Мальчик не плакал. Какая-то сила заставляла его смотреть на все это и накапливать гнев, желание отомстить. Отомстить немедленно, чтобы знали гады!
Но где враг? Кому мстить. Внезапно рядом с разрушенным домой остановилась машина. Казак спрыгнул вниз и привычно зашагал к дымящимся развалинам.
- Пацан, ты чей? Попить, воды не будет. Где твои?
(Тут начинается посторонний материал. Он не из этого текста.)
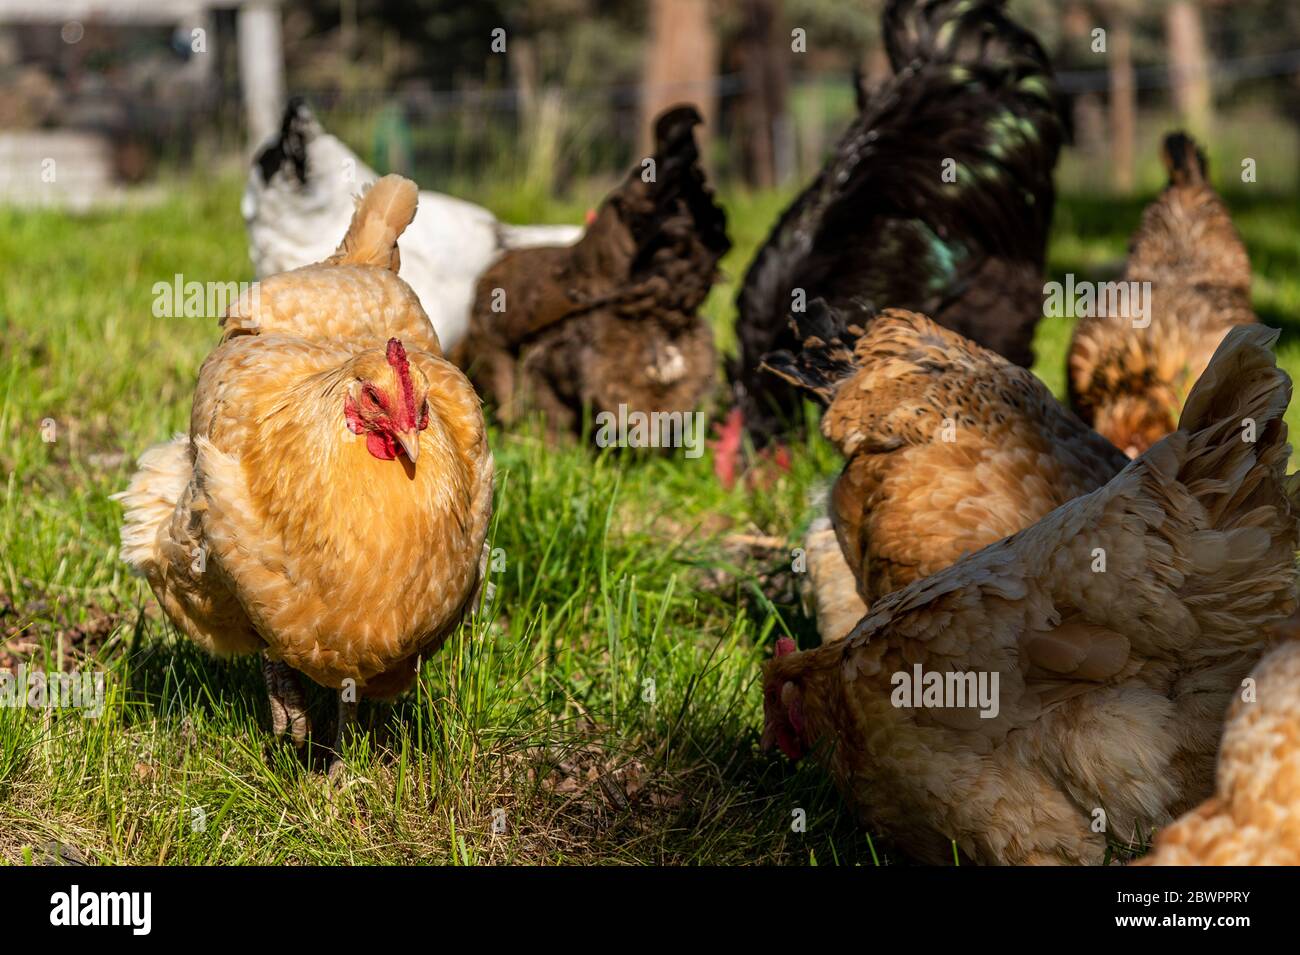 Diverses couleurs et races de poulets se nourrissant ensemble dans un champ vert luxuriant Banque D'Images

Мальчик кивком головы указал вперед.
- Мда, дела ! — казак задумался, почесал затылок и, словно воодушевлённый мыслью, сказал:
- А что, малой, мстить хочешь или как? Если есть желание, пшли. По полной можешь сейчас расквитаться. Мы как раз везём приговорённых вон туда под лесочком... и определим, давай с нами, стрелять умеешь?
Мальчик молчал и только с ужасом смотрел на останки своей семьи. Потом решительно встал, издал какой-то душераздирающий вопль и уткнулся лицом в гимнастёрку казака.
- Поплачь, поплачь, полегчает.
A ребёнок разразился такими рыданиями, что даже сердце бывалого вояки вздрогнуло. У него самого навернулась слеза. Он мельком посмотрел на то, что осталось от дома, людей, отстранил от себя мальчика и зло сказал:
- Ты мужчина, или кто? Все хватит. Отдал долг и пошли. На обратном пути поможем тебе по-людски,чтобы зверье не растаскало по норам, хотя они уже все давно сбежали. Война тут. Одни люди остались. Теперь люди заместо зверей.
Кaзак вдруг захохотал от своей шутки, но глядя на вздрогнувшего мальчика, остановился.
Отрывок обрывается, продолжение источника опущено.